Dropping every picture, set down exactly the lines in the entries below, starting with the line with "Voiture électrique drag" and going on through the line with "Thời gian nghỉ".

* INFORMATION SHOWN:
== == ==

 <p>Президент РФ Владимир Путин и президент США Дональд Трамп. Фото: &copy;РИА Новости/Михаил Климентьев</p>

== == ==

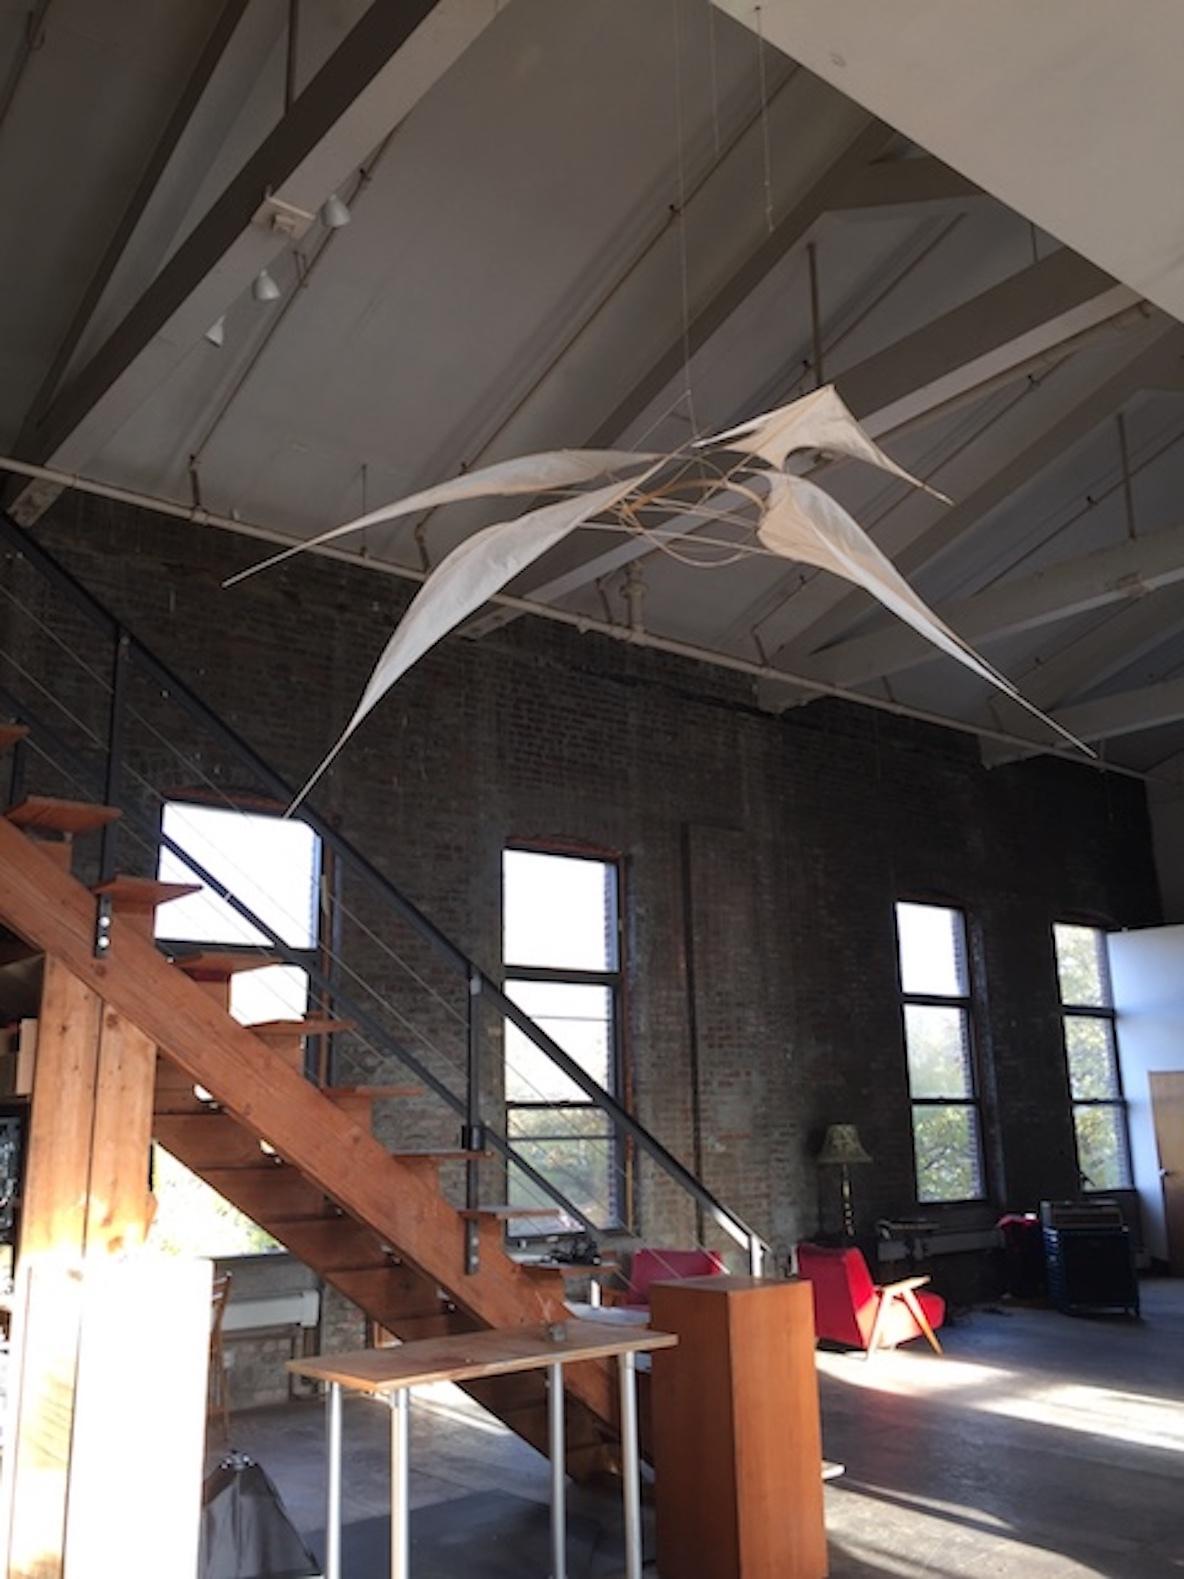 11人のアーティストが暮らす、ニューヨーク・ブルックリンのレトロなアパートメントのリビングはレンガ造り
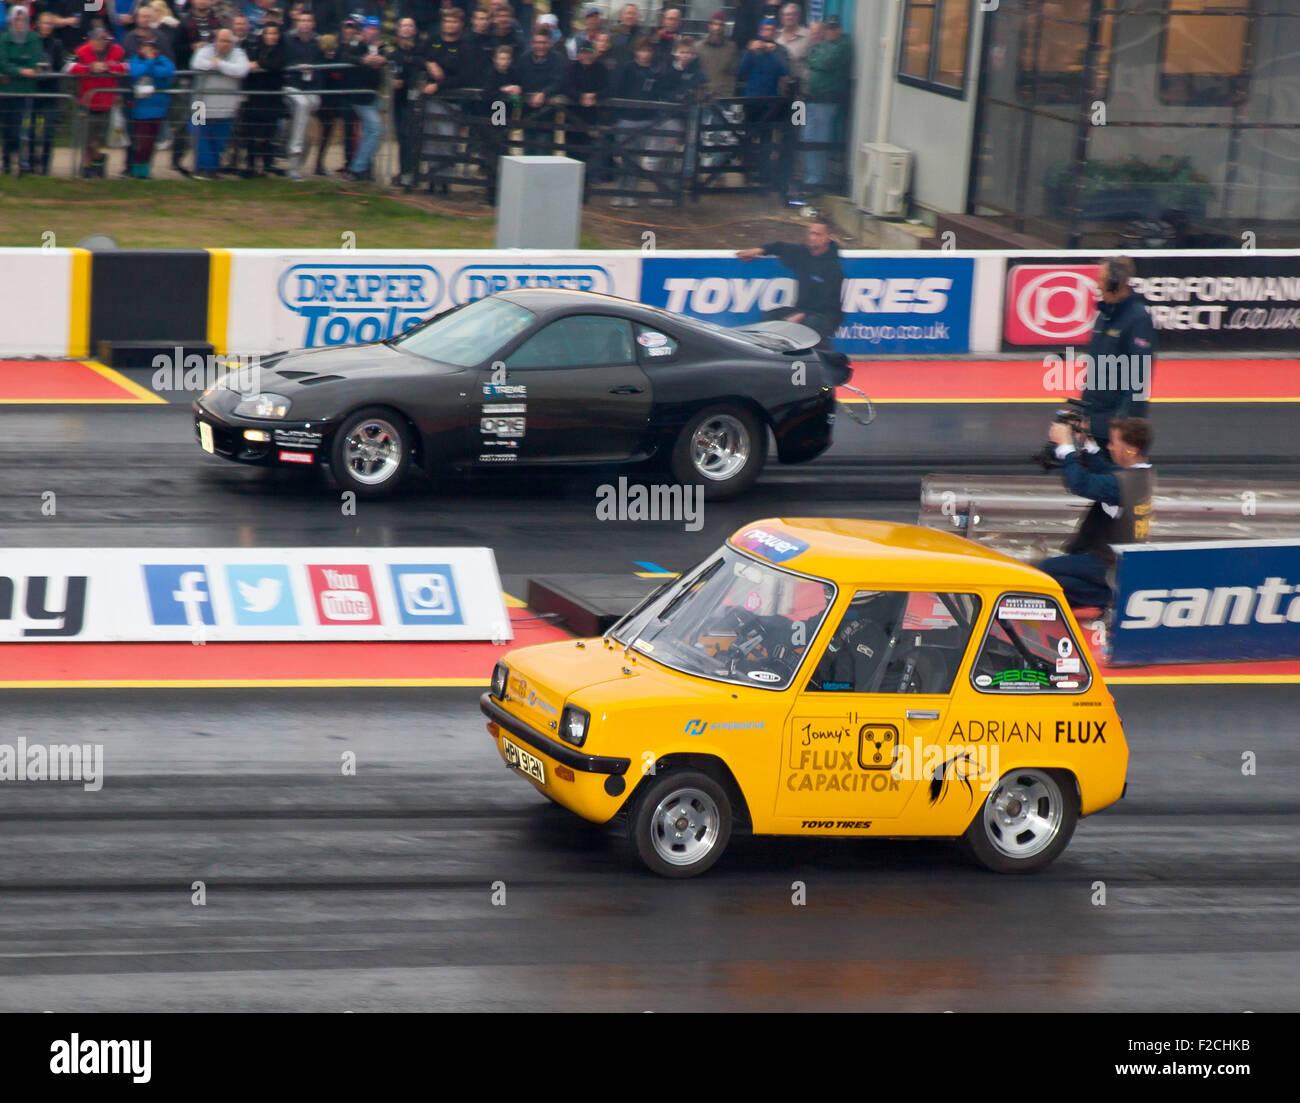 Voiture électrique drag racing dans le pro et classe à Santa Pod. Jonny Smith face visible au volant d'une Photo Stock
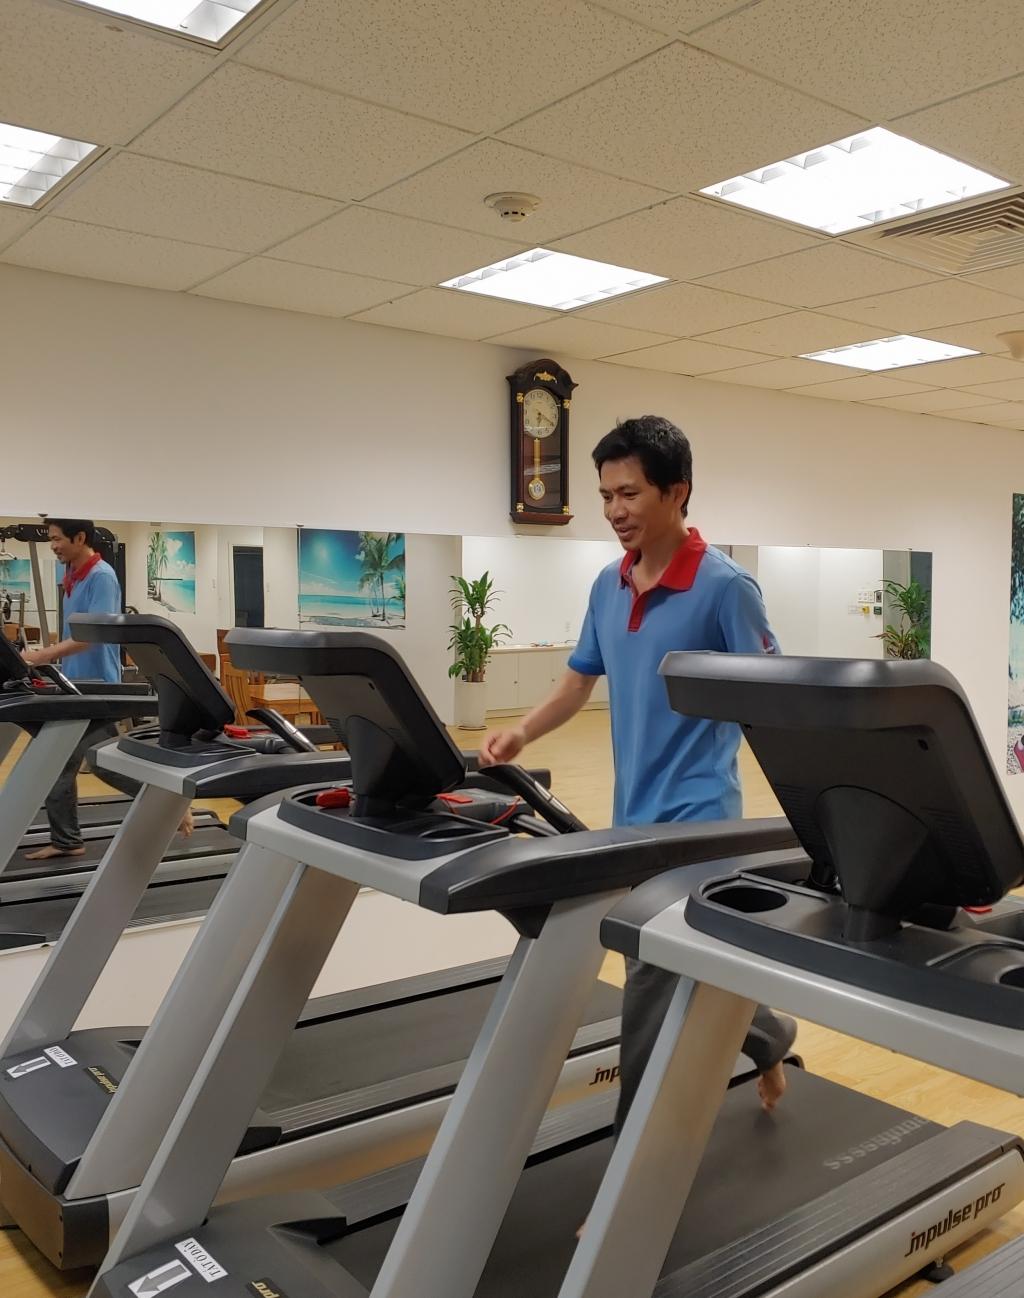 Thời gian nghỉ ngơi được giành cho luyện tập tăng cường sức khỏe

== == ==

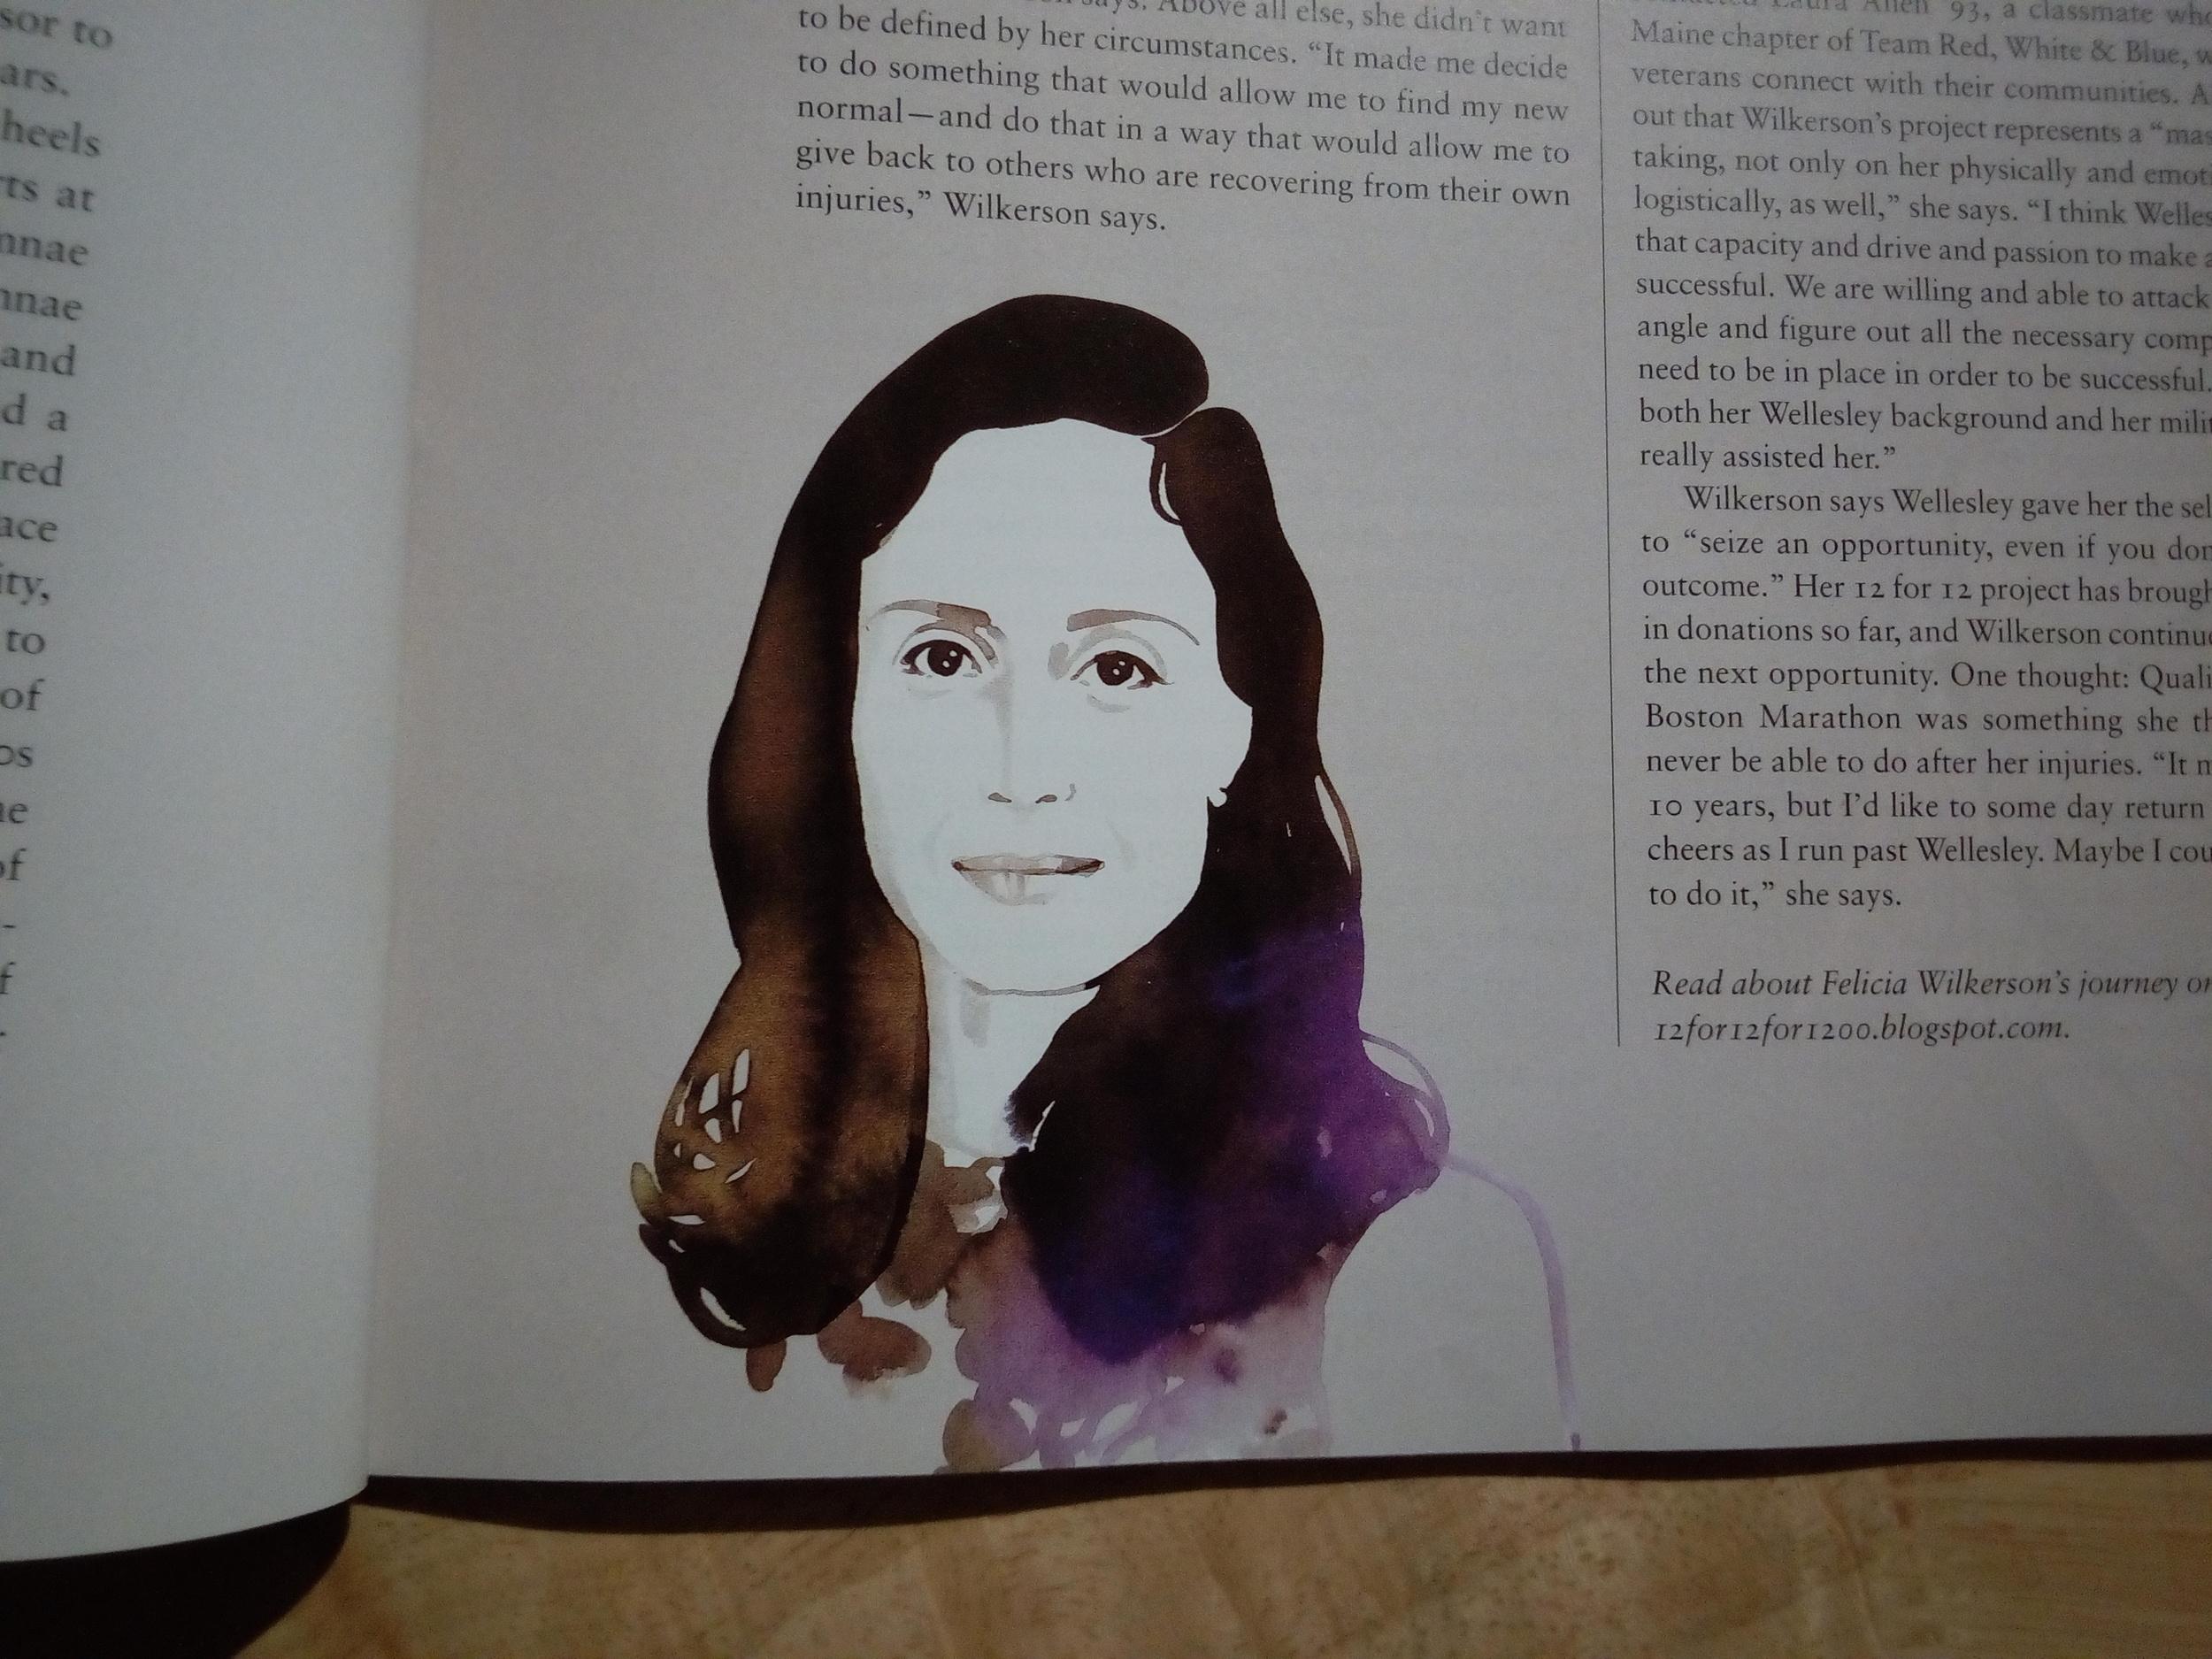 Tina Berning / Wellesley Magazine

== == ==

* FINISHED TASK:
 Voiture électrique drag racing dans le pro et classe à Santa Pod. Jonny Smith face visible au volant d'une Photo Stock
 Thời gian nghỉ ngơi được giành cho luyện tập tăng cường sức khỏe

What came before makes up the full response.